Exploring ornate Springdale, sunken ballroom and all
Springdale Mansion anchored York’s south side from when it was built at Congressman Charles Barnitz’s residence in 1828 to when it was demolished in 1954. See drawing of the mansion’s carriage house below. (Photos courtesy, York County Heritage Trust.) Background post: Former Hahn mansion: ‘I thought it would make the most spectacular funeral home’ and About Davy Crockett at Springdale Mansion: ‘He is the biggest fool I ever saw’.
Springdale Mansion figured prominently as part of a York tour presented in my York Sunday News column. See ‘A Sunday drive through York’s past’.
Some additional details about Springdale that I did not include because of space:
— The Springdale estate, under Grier Hersh’s ownership, expanded to 400 acres from Boundary Avenue to Violet Hill.
— York’s first golf course was part of that estate. York College later was built on part of that golf course.
— York Hospital sits on land that was formerly part of the estate.
— Charles Pechenek acquired the Springdale property from the Hersh estate in 1945, and remodeled the carriage house into his own residence.
— He demolished the now-deteriorating mansion in 1954.
— Fully built up, the mansion included 40 rooms.

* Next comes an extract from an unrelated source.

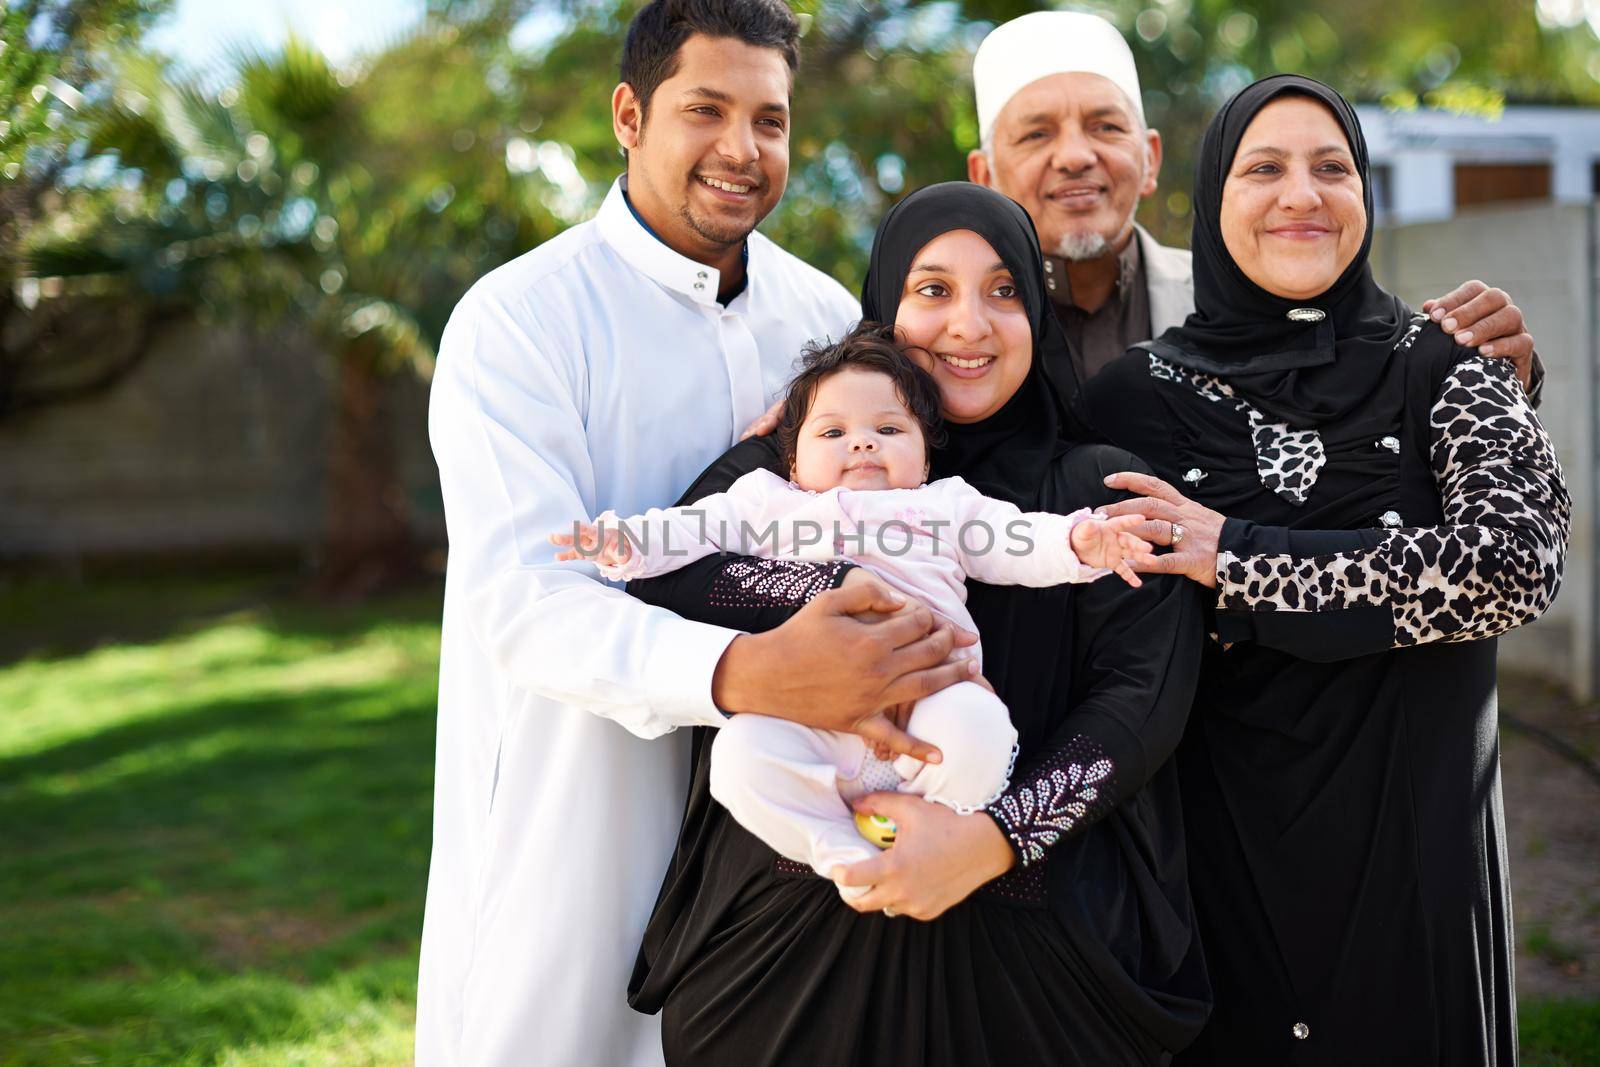 Three generations of love. A muslim family enjoying a day outside

— Here’s a description of the mansion’s ballroom, from a Springdale booklet at the York County Heritage Trust:
The ballroom was on a lower level than the reception hall reached by wide steps from the entrance. Four large windows at each corner made the room appear octagonal. The leaded windows were called birdseye glass because each pane had a bubble blown in it to resemble a bird’s eye. The steps leading down to the ballroom provided a kind of stage by which costumed ladies could make an entrance .. .
— York Hospital purchased the carriage house from the Pechenek estate, remodeled it and used it as a conference center. The Unitarian Universalist congregation later acquired the carriage house and property from the hospital.
Springdale’s Carriage House stands today, part of the Unitarian Universalist complex that occupies the former mansion site.